As an aside, recall that the arc-length of a curve is given by:
I currently have a system of odes with a time-dependent constant. E.g.
def fun(u, t, a, b, c):
x = u[0]
y = u[1]
z = u[2]
dx_dt = a * x + y * z
dy_dt = b * (y-z)
dz_dt = -x*y+c*y-z
return [dx_dt, dy_dt, dz_dt]
The constants are "a", "b" and "c". I currently have a list of "a"s for every time-step which I would like to insert at every time-step, when using the scipy ode solver...is this possible?
Thanks!
Yes, this is possible. In the case where a is constant, I guess you called scipy.integrate.odeint(fun, u0, t, args) where fun is defined as in your question, u0 = [x0, y0, z0] is the initial condition, t is a sequence of time points for which to solve for the ODE and args = (a, b, c) are the extra arguments to pass to fun.
In the case where a depends on time, you simply have to reconsider a as a function, for example (given a constant a0):
def a(t):
return a0 * t
Then you will have to modify fun which computes the derivative at each time step to take the previous change into account:
def fun(u, t, a, b, c):
x = u[0]
y = u[1]
z = u[2]
dx_dt = a(t) * x + y * z # A change on this line: a -> a(t)
dy_dt = b * (y - z)
dz_dt = - x * y + c * y - z
return [dx_dt, dy_dt, dz_dt]
Eventually, note that u0, t and args remain unchanged and you can again call scipy.integrate.odeint(fun, u0, t, args).
A word about the correctness of this approach. The performance of the approximation of the numerical integration is affected, I don't know precisely how (no theoretical guarantees) but here is a simple example which works:
import matplotlib.pyplot as plt
import numpy as np
import scipy as sp
import scipy.integrate
tmax = 10.0
def a(t):
if t < tmax / 2.0:
return ((tmax / 2.0) - t) / (tmax / 2.0)
else:
return 1.0
def func(x, t, a):
return - (x - a(t))
x0 = 0.8
t = np.linspace(0.0, tmax, 1000)
args = (a,)
y = sp.integrate.odeint(func, x0, t, args)
fig = plt.figure()
ax = fig.add_subplot(111)
h1, = ax.plot(t, y)
h2, = ax.plot(t, [a(s) for s in t])
ax.legend([h1, h2], ["y", "a"])
ax.set_xlabel("t")
ax.grid()
plt.show()
I Hope this will help you.
No, that is not possible in the literal sense of
"I currently have a list of "a"s for every time-step which I would like to insert at every time-step"

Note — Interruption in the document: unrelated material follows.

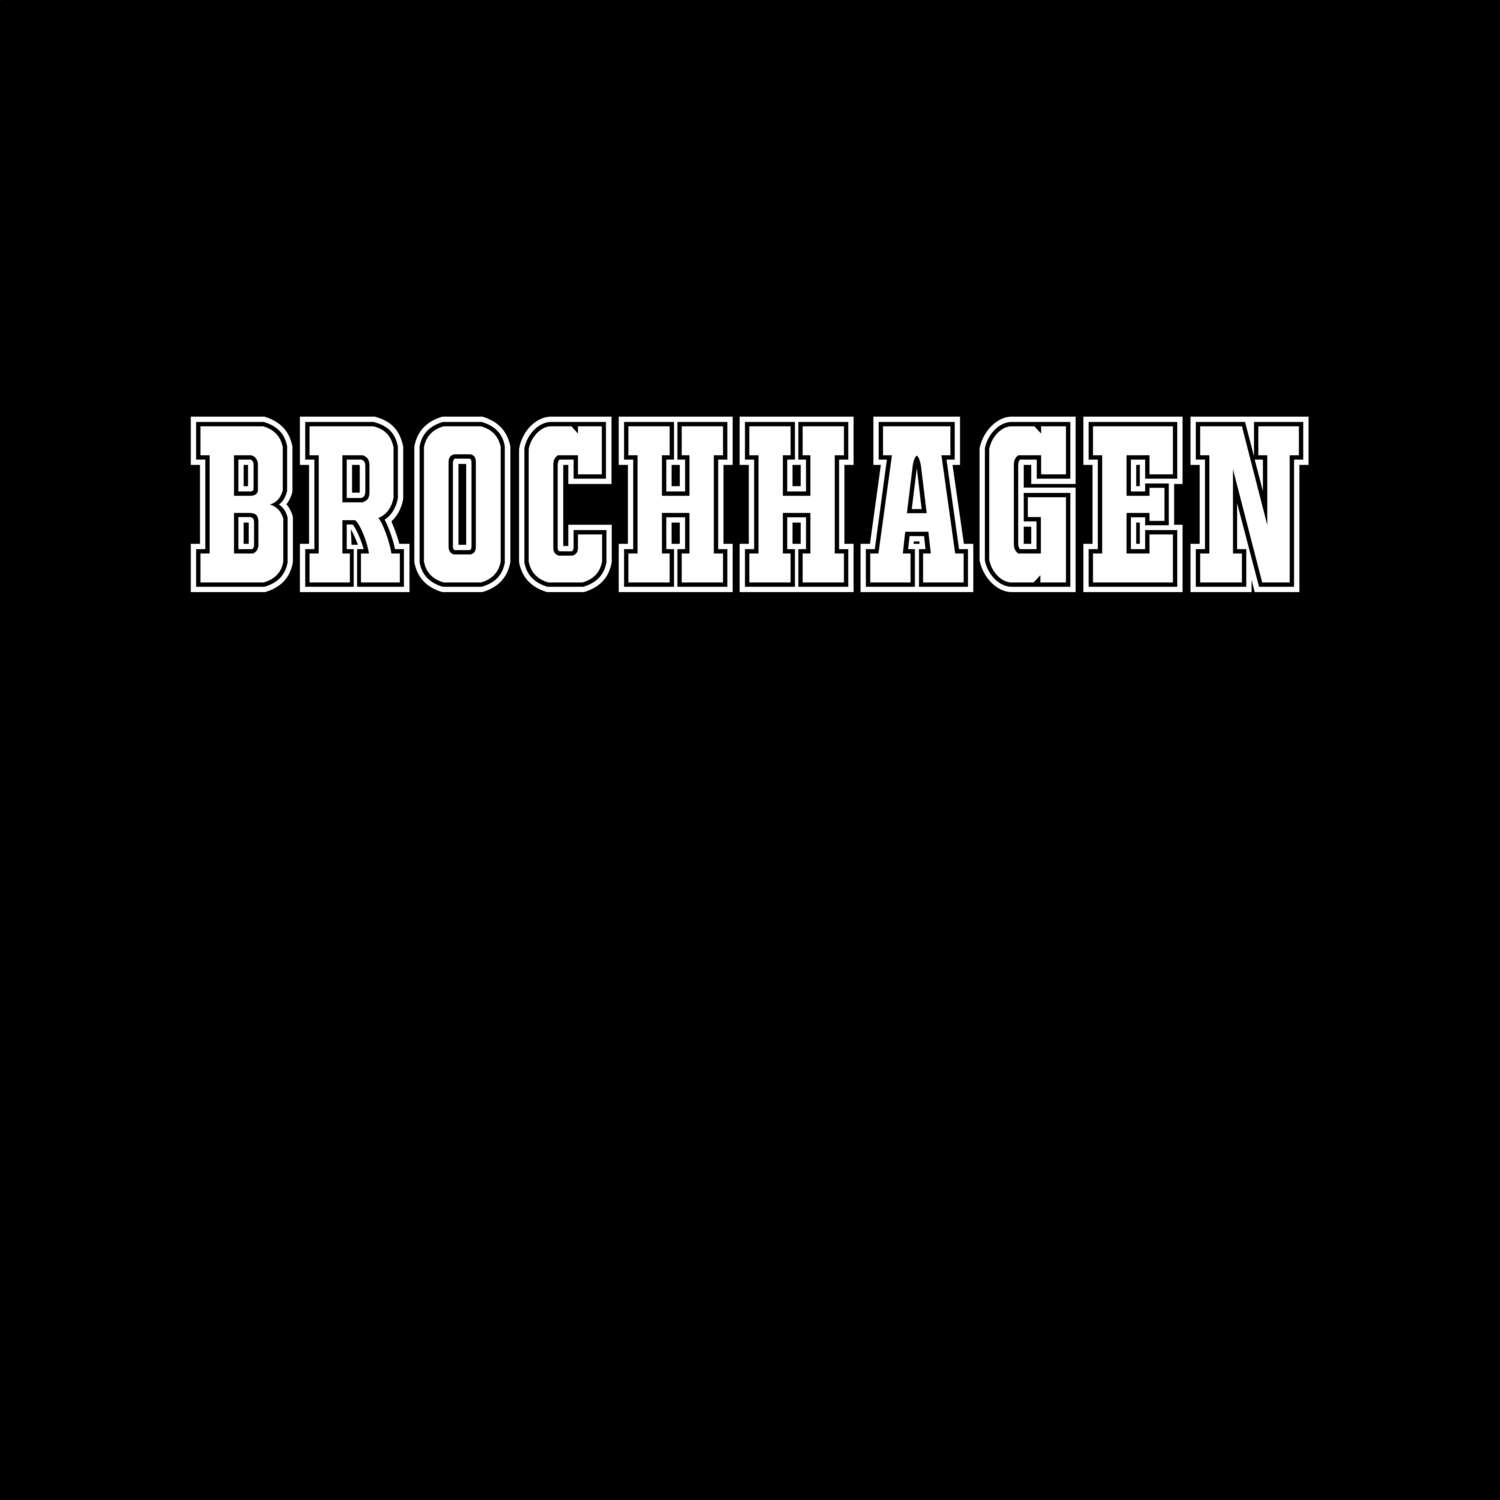 Brochhagen T-Shirt »Classic«

as the solver has adaptive step size control, that is, it will use internal time steps that you have no control over, and each time step uses several evaluations of the function. Thus there is no connection between the solver time steps and the data time steps.

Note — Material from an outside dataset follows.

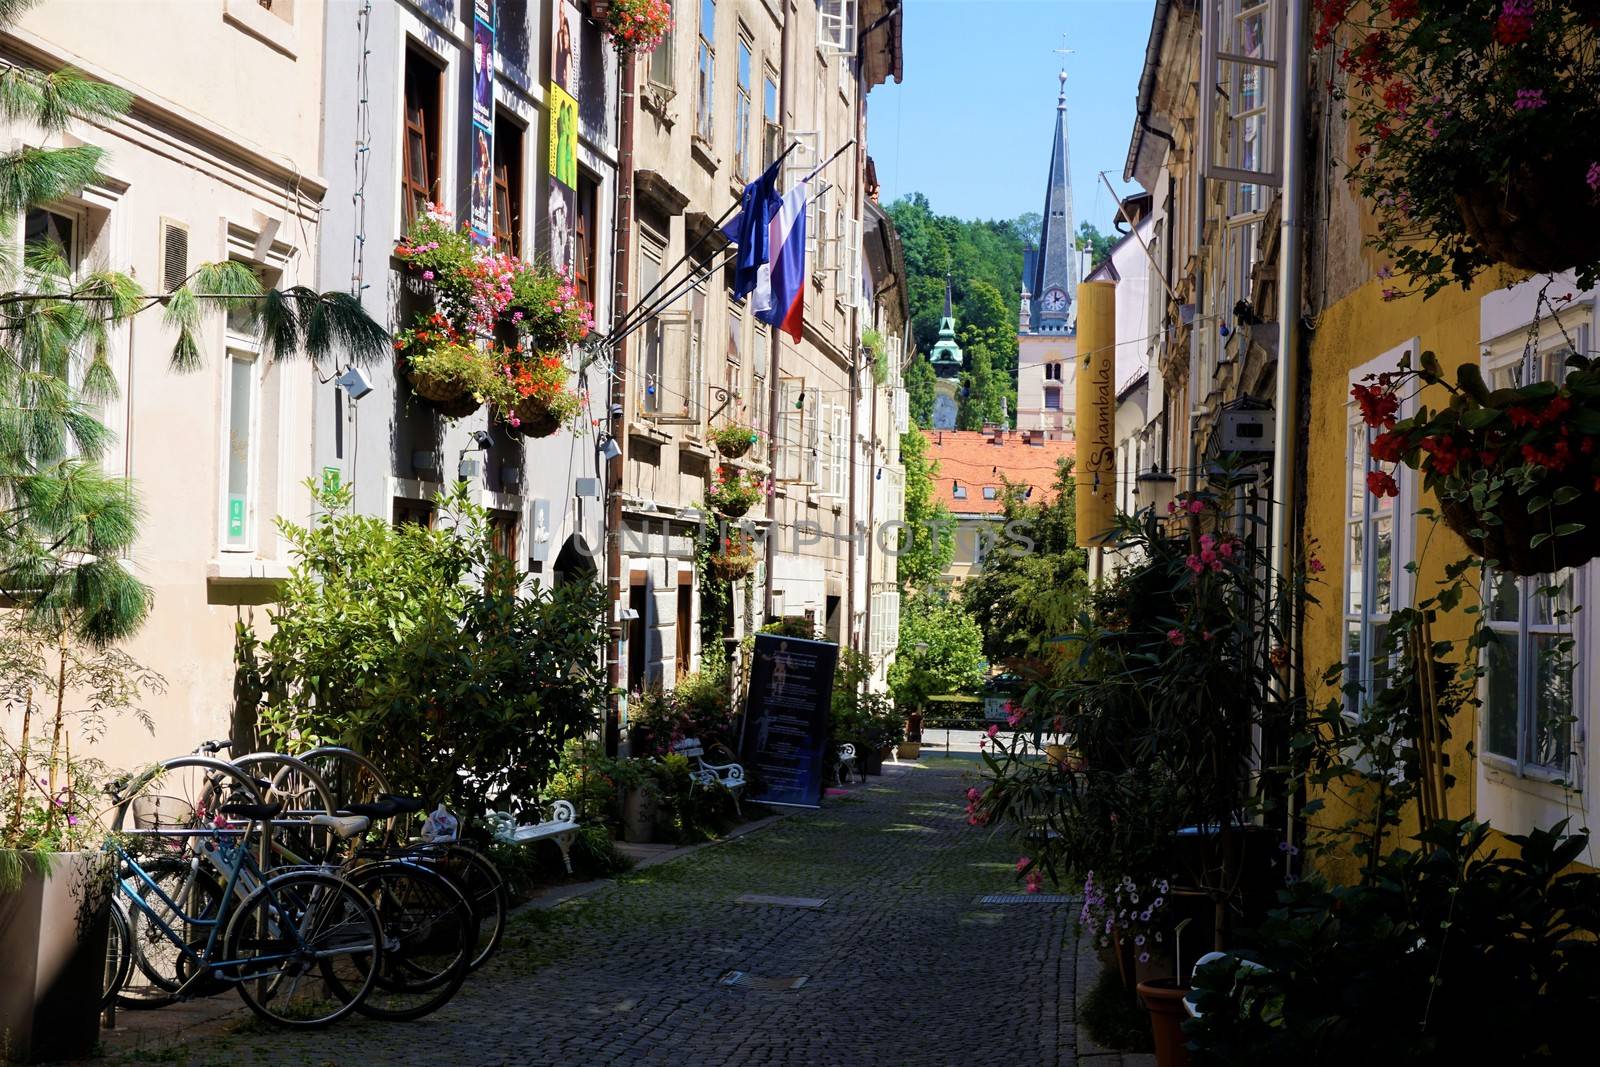 Beautiful Krizevniska ulica in Ljubljana city center by pisces2386

In the extended sense that the given data defines a piecewise constant step function however, there are several approaches to get to a solution.
You can integrate from jump point to jump point, using the ODE function with the constant parameter for this time segment. After that use numpy array operations like concatenate to assemble the full solution.

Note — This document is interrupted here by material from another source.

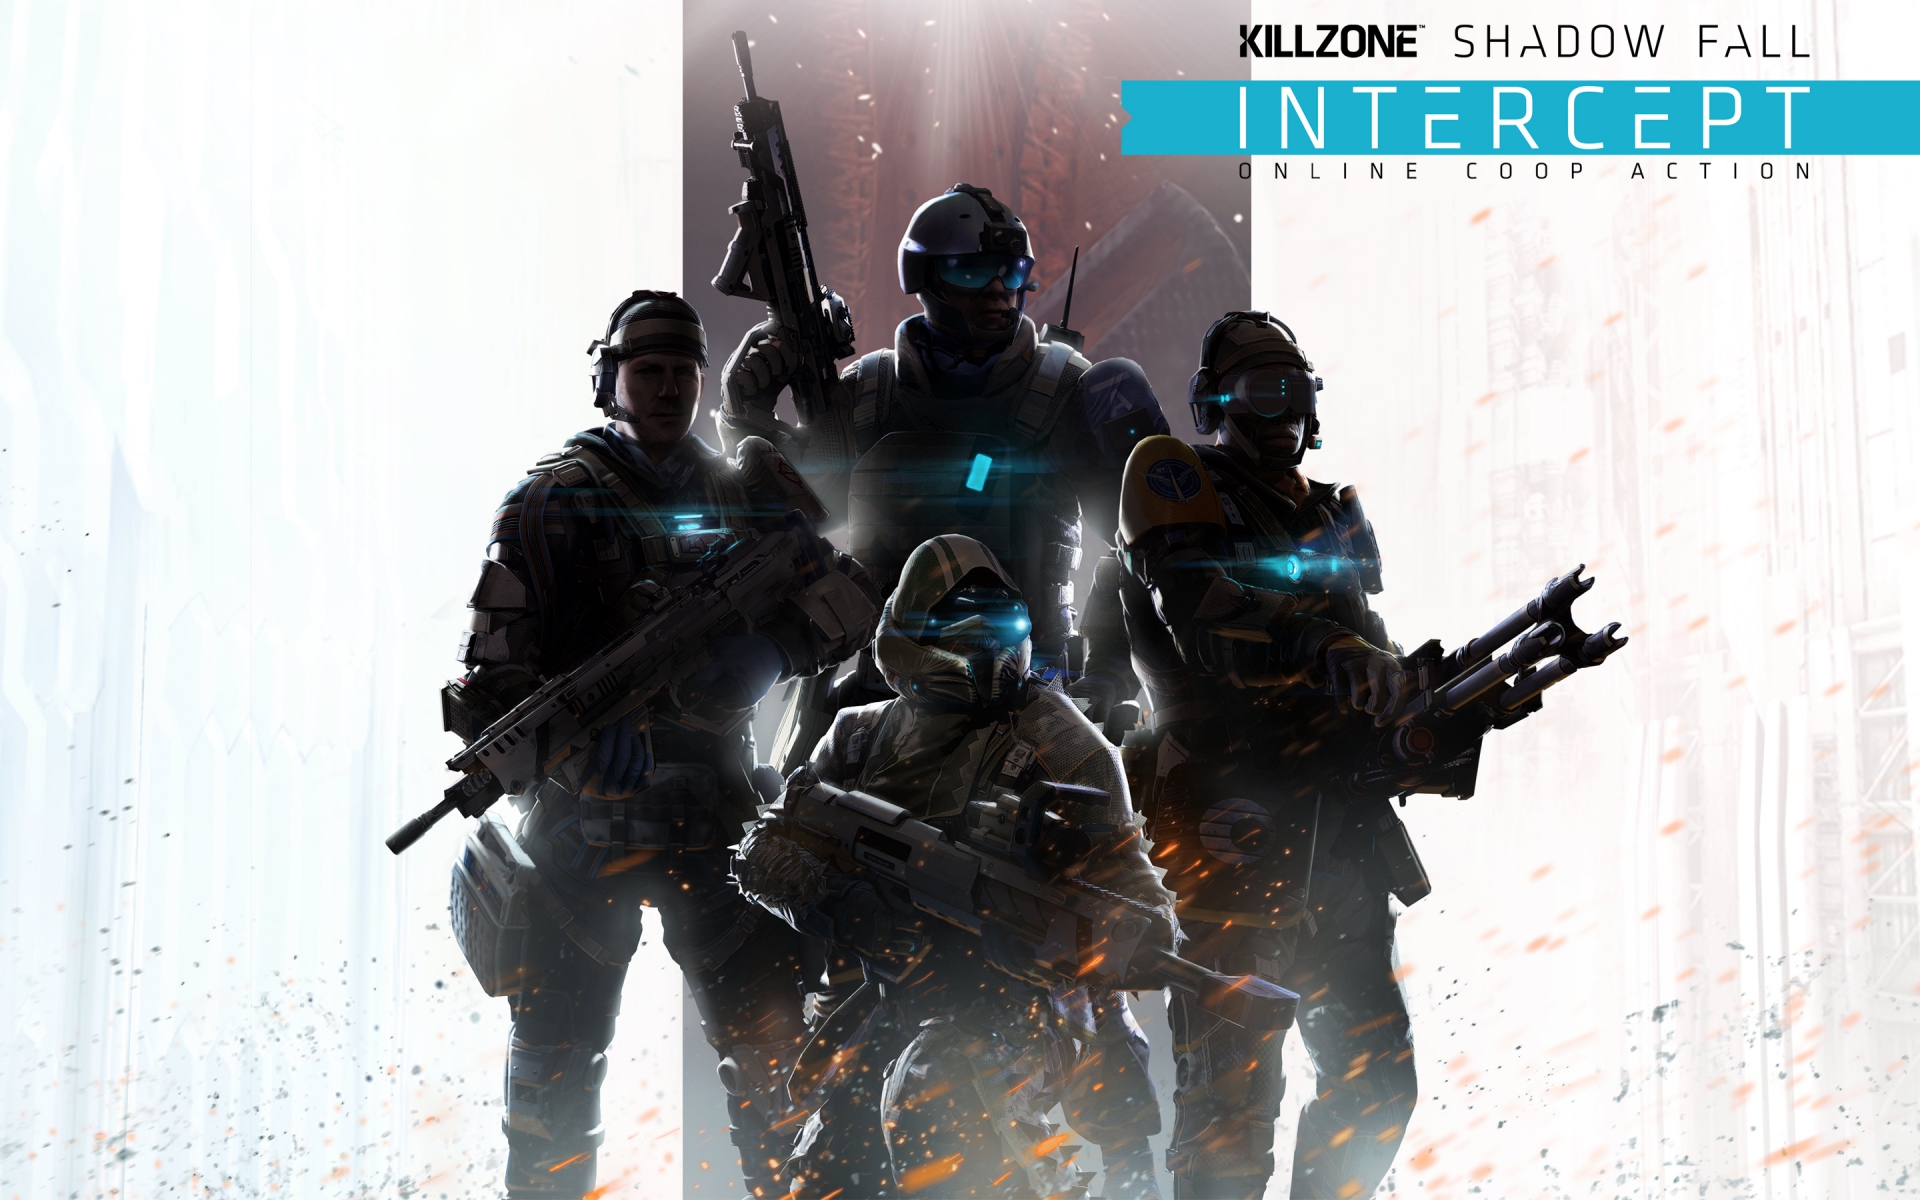    Killzone: Shadow Fall

You can use interpolation functions like numpy.interp or scipy.interpolate.interp1d. The first gives a piecewise linear interpolation, which may not be desired here. The second returns a function object that can be configured to be a "zero-order hold", which is a piecewise constant step function.
You could implement your own logic to go from the time t to the correct values of those parameters. This mostly applies if there is some structure to the data, for instance, if they have the form f(int(t/h)).
Note that the approximation order of the numerical integration is not only bounded by the order of the RK (solve_ivp) or multi-step (odeint) method, but also by the differentiability order of the (parts of) the differential equation. If the ODE is much less smooth than the order of the method, the implicit assumptions for the step size control mechanism are violated, which may result in a very small step size requiring a huge number of integration steps.
I also encountered similar problem. In my case, parameters a, b, and c are not in direct function with time, but determined by x, y, and z at that time. So I have to get x, y, z at time t, and calculate a, b, c for the integration calculation for x, y, z at t+dt. It turns out that if I change dt value, the whole integration result will change dramatically, even to something unreasonable.